The Syrian government and its Russian allies denied there was a chemical attack, while Syrian officials later said the air force bombed a rebel arsenal that had chemical weapons stored inside.

From his tent in the settlement for the displaced called Mokhayyam Karamah, Arabic for “Dignity Camp,” near the town of Atmeh, Yousef recalls that fateful day when he lost his twins, Aya and Ahmed, wife Dalal and 16 other relatives.

It is a story he has told dozens of times, about how Khan Sheikhoun residents woke up at half-past six in the morning to the sound of explosions. How people started running out of their homes and onto the street, trying to help one another. How he told his wife to take the twins to safety outside. The people he saw foaming at the mouth and nose.

He recalls how he ran to his brother’s house to find him and his family dead. His other brother and nephew, also dead. His niece who was around 13, also dead. He lost consciousness and woke up four hours later to be told that his twins and wife had died.

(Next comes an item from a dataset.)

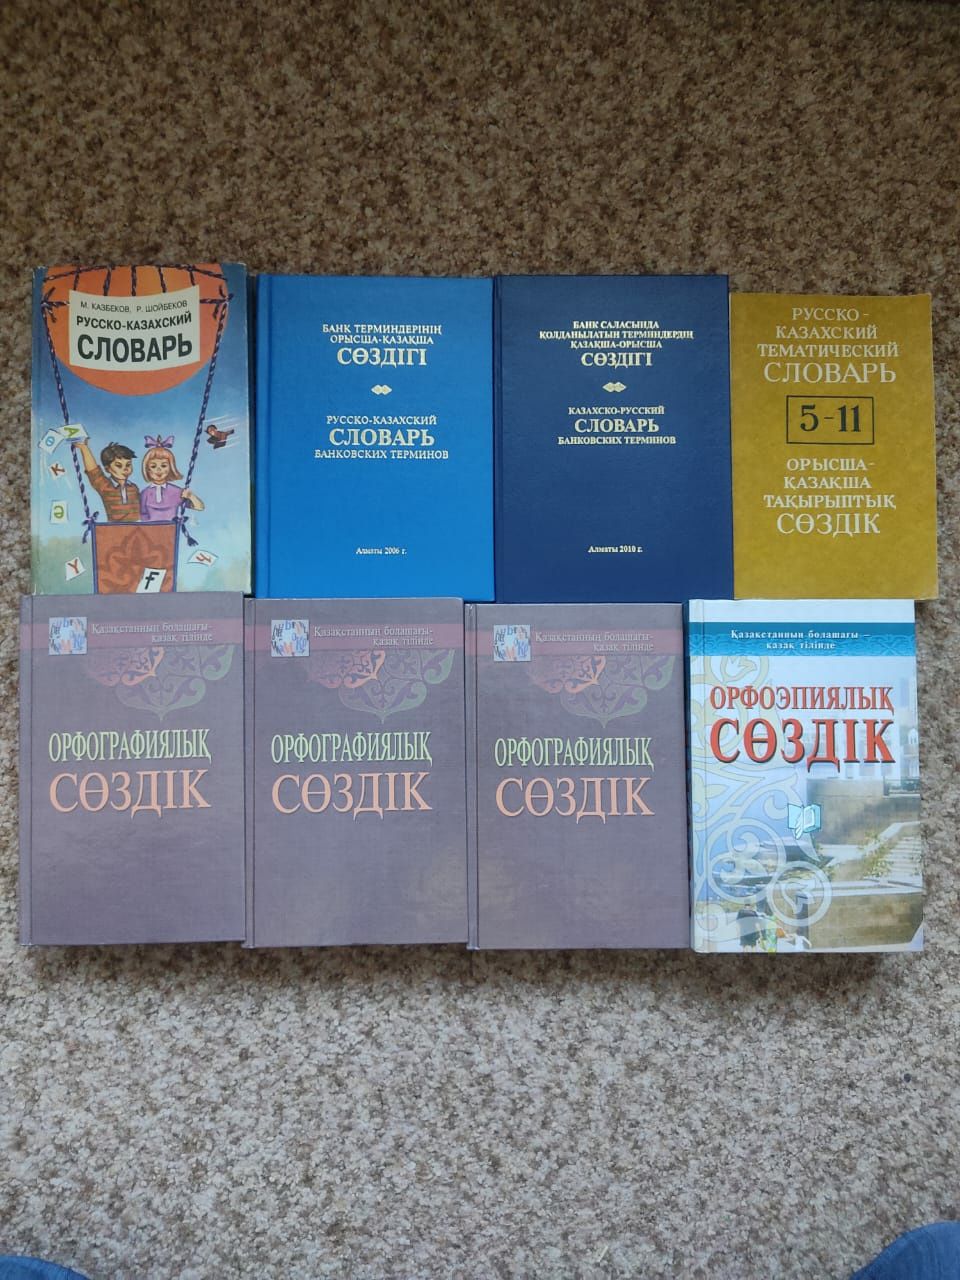 Продам словари по казахскому языку

They were among the 89 people who died as a result of what experts have determined was an attack using sarin, an outlawed nerve toxin.

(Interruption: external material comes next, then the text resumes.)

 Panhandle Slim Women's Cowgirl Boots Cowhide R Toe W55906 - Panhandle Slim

In this April 4, 2017, photo, Abdel Hamid Yousef, holds his twin babies, who were killed in a chemical weapons attack in Khan Sheikhoun, Syria. He lost the twins, his wife and 16 other relatives in the poison gas attack. Determined to continue with his life, Yousef remarried and has an 11-month-old daughter. But tragedy keeps chasing the 31-year-old former shopkeeper.
In this April 4, 2017, photo, Abdel Hamid Yousef, holds his twin babies, who were killed in a chemical weapons attack in Khan Sheikhoun, Syria. He lost the twins, his wife and 16 other relatives in the poison gas attack. Determined to continue with his life, Yousef remarried and has an 11-month-old daughter. But tragedy keeps chasing the 31-year-old former shopkeeper.
(Alaa Yousef )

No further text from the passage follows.